_Task objective_: Give back the exact lines of the material below from the one containing "MakerBot Informationen" through the one containing "National Rural Touring Forum", and no pictures.

_Dataset records_:
● ● ● ● ● ● ●

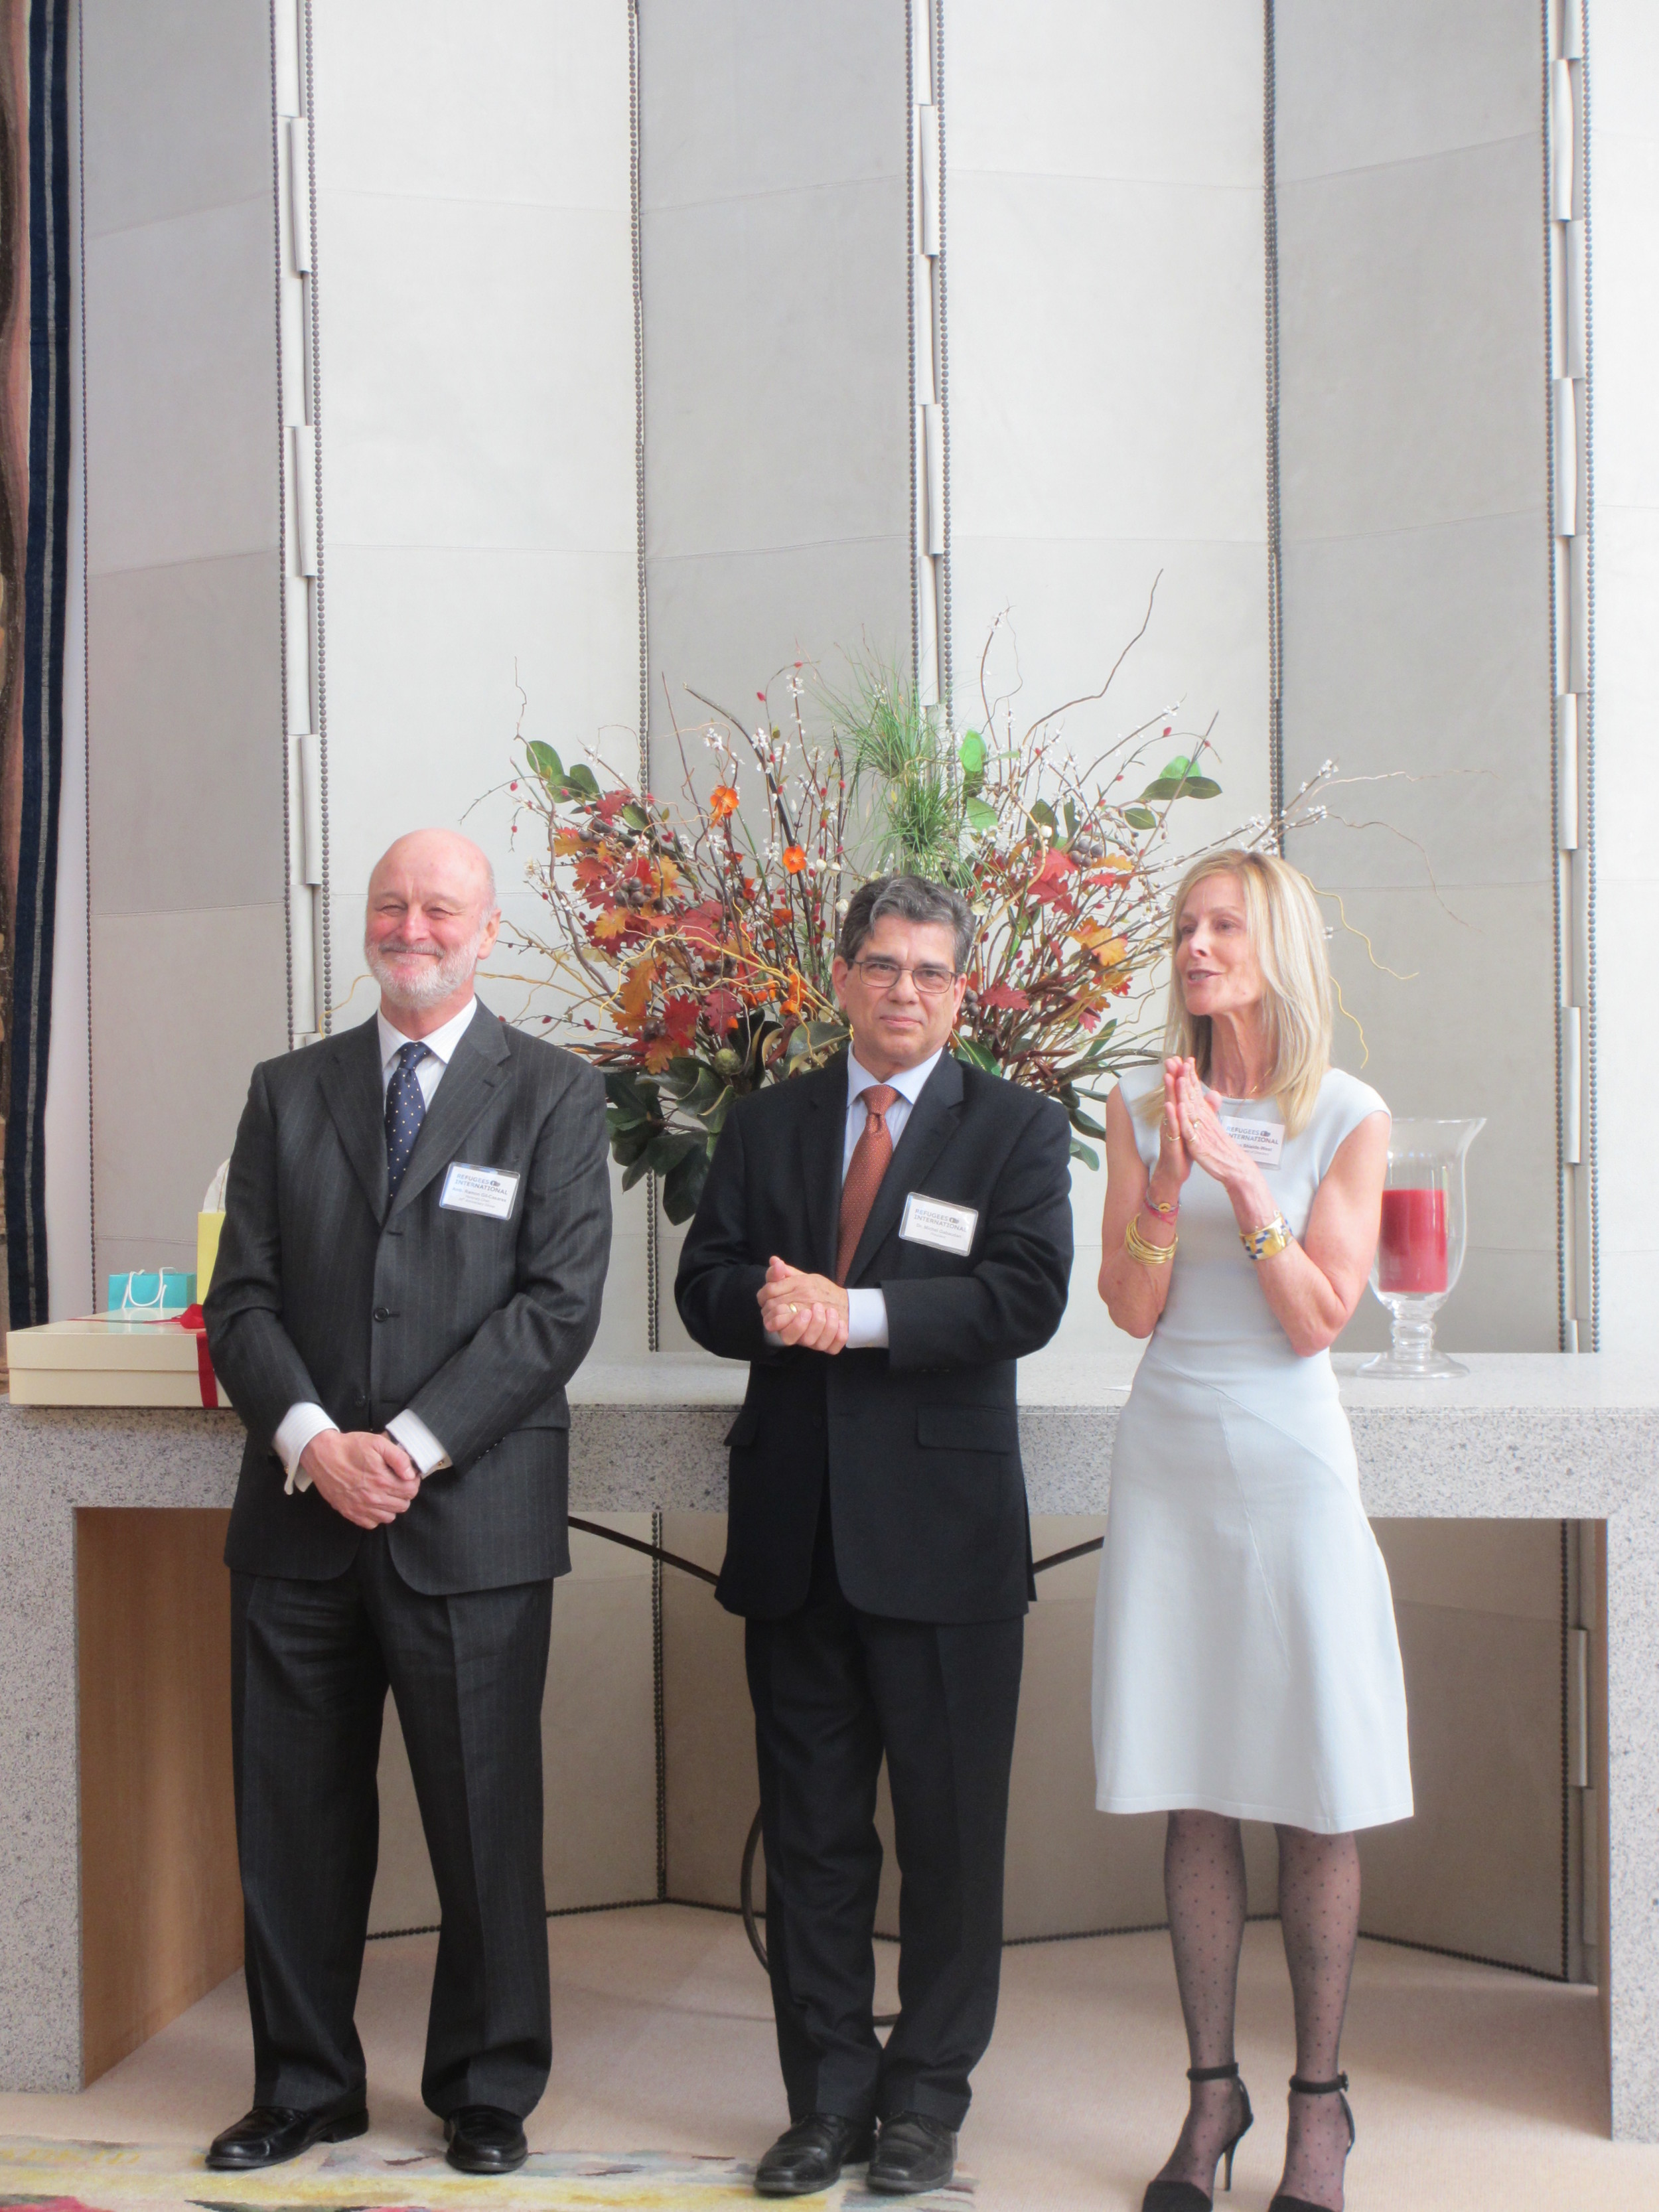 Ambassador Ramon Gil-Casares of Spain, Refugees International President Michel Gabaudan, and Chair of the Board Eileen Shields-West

● ● ● ● ● ● ●

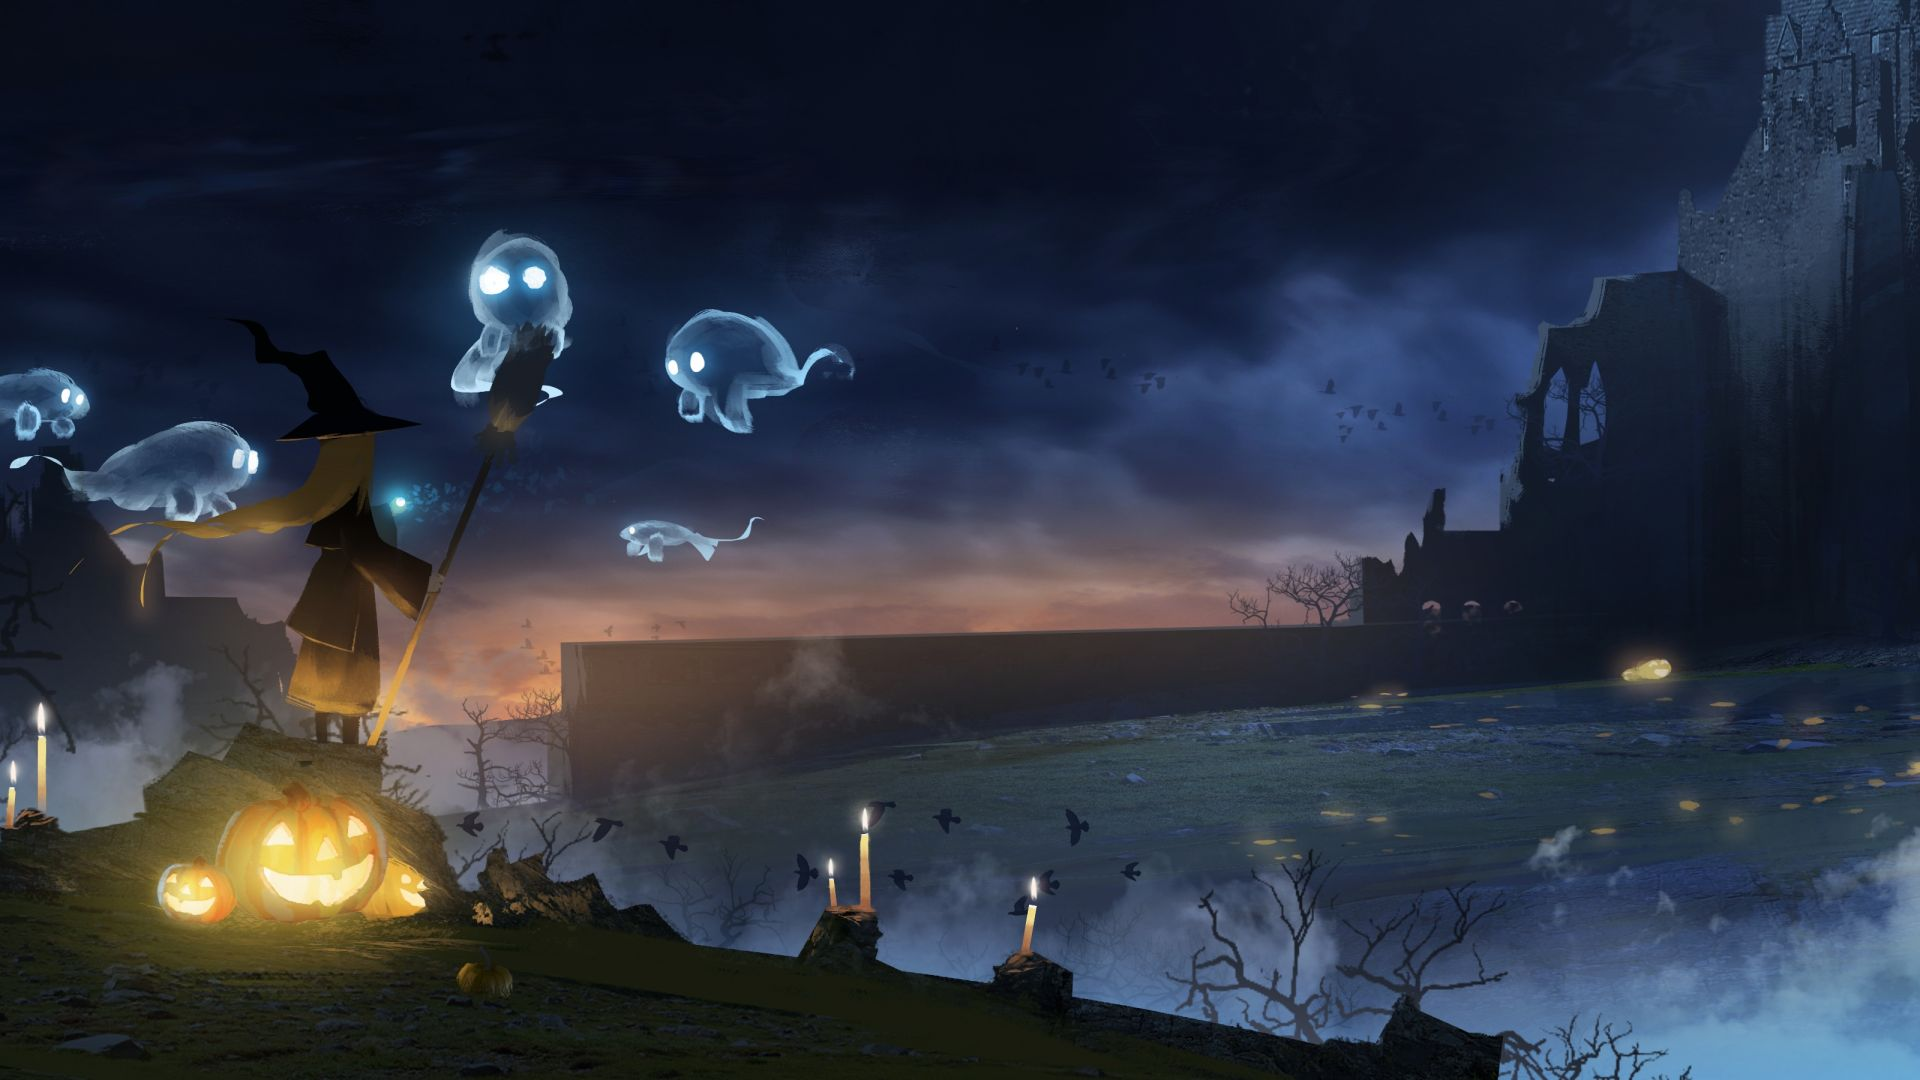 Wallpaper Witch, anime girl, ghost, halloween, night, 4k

● ● ● ● ● ● ●

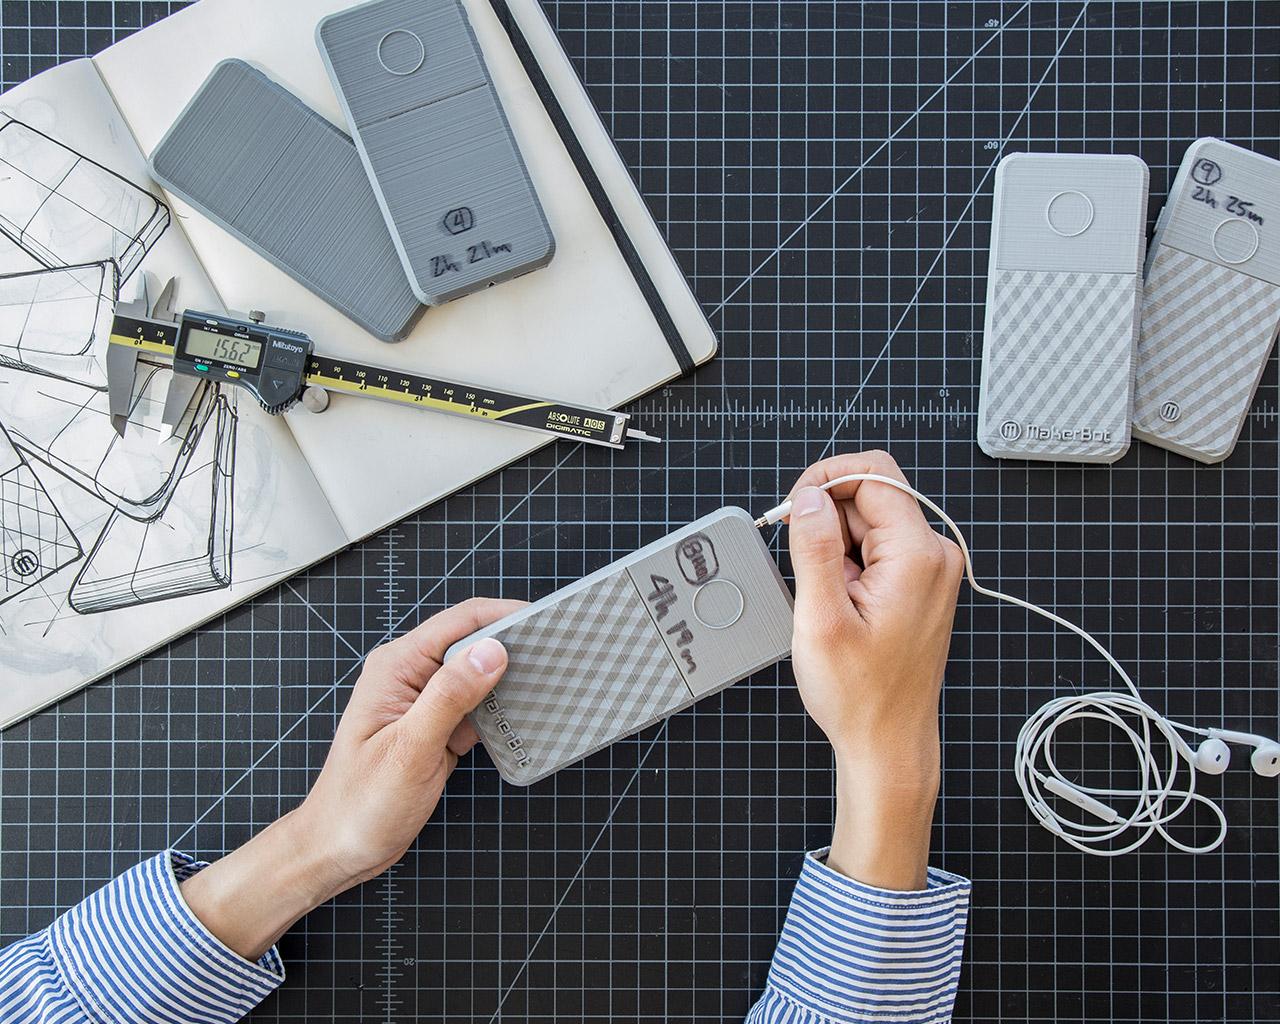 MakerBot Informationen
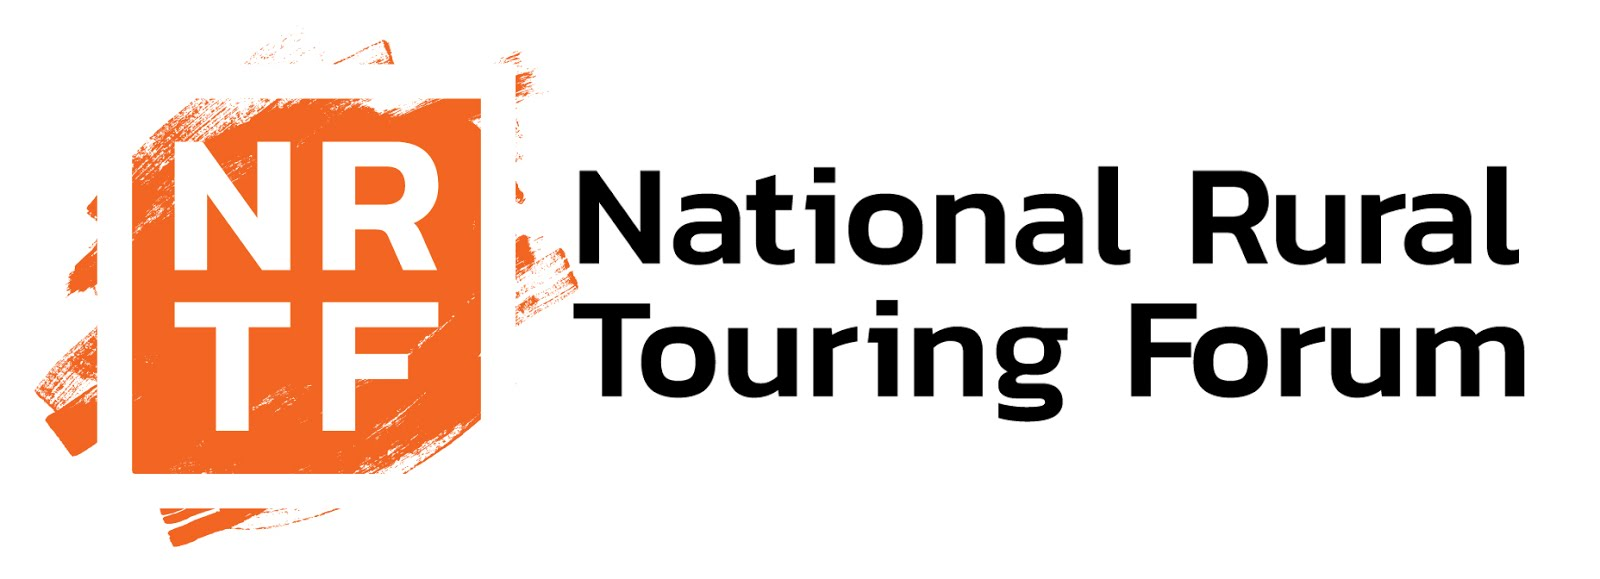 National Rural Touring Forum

● ● ● ● ● ● ●

_Expected output_:
 MakerBot Informationen
 National Rural Touring Forum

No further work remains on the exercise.